TLOTLO KEBINAKGABO
In a telephone interview that felt less like a formal media engagement and more like a window into a restless, reform-minded leadership, Tebogo Gerda Ntesang spoke with the urgency of someone stepping into both history and uncertainty. As the first Motswana and first woman to lead the Botswana Cricket Association (BCA), she arrives not as a ceremonial pioneer, but as an administrator conscious of time, legacy and the long, unfinished work of building cricket back into the nation’s sporting bloodstream.
A Dream Lived
“I’m really excited, overwhelmed actually by excitement,” Ntesang admitted, capturing the emotional disorientation that often accompanies a long-desired breakthrough. Two weeks into the office, she is still finding her balance between ambition and responsibility. “It’s been very, very overwhelming with information because I want to grab as much as possible,” she said, describing an instinct to absorb, rather than dictate.

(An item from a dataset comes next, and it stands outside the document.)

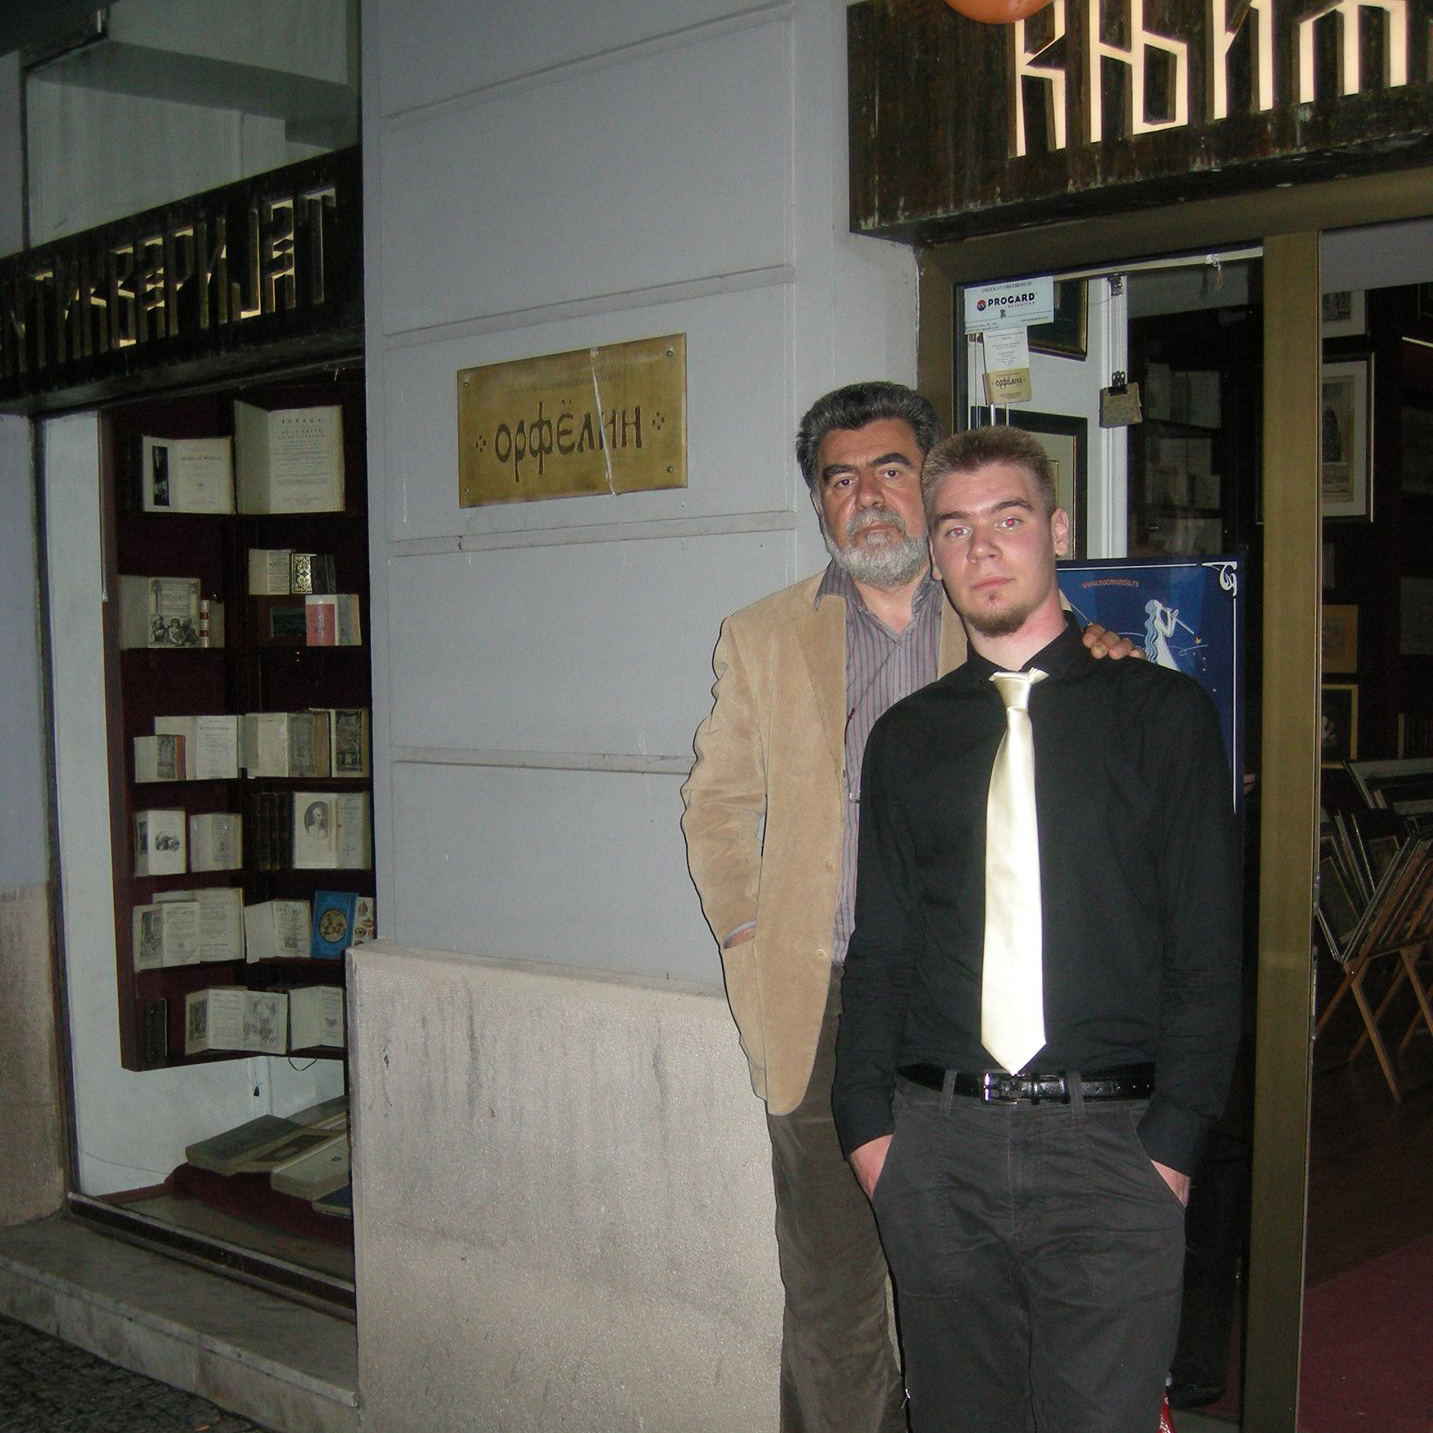 Predrag Milovanovic and his son in front of the antiquariat "Orfelin".

Her early days are defined less by grand speeches and more by intense listening. Cricket in Botswana, she noted, is not being built from scratch, but from fragments of history that demand respect. She is clear-eyed about continuity. “It’s not like it’s a vacuum,” she said, acknowledging the foundations laid by two CEOs before her.
Strategy First Steps
At the heart of her first phase in office sits a sober, forensic task: the review of the 2022–2026 strategic plan. Rather than chasing novelty, Ntesang is committed to reckoning with reality. “Check on the successes, the targets that were set up in 2022. See how much we have achieved. See how much we left behind,” she explained.
This is not an insular exercise. Alignment, she insists, is non-negotiable. The BCA’s vision must speak to the Botswana National Olympic Committee and the International Cricket Council frameworks, while also dovetailing with national sporting priorities under the Minister of Sport and Arts. For Ntesang, strategy is not paperwork; it is relevance — to government, to global cricket, and to national development.
Beyond The Field
Her ambition stretches further than boundary ropes. She speaks in the language of sustainability and national relevance, placing cricket within conversations about the SDGs and even economic contribution. “The relevance of cricket … to the GDP,” she said, is not a theoretical idea, but a box that must be diligently ticked if the sport is to earn long-term political and institutional trust.
Her academic grounding — a Bachelor’s degree in Sports Management from the University of Canberra and current studies in Olympic studies — quietly informs her worldview. It is a modern, systems-oriented outlook, rooted in over 20 years of experience in sport management and public sector leadership.
Players At Centre
Yet, beneath all the frameworks and strategies lies a simple, almost disarming philosophy. “It’s the player first,” she said. Her belief is blunt: structures, jobs, and institutions only exist because players do. “If there are no players, we will not be here.”
In that statement lies the quiet revolution of her leadership — not power over cricket, but service to those who play it.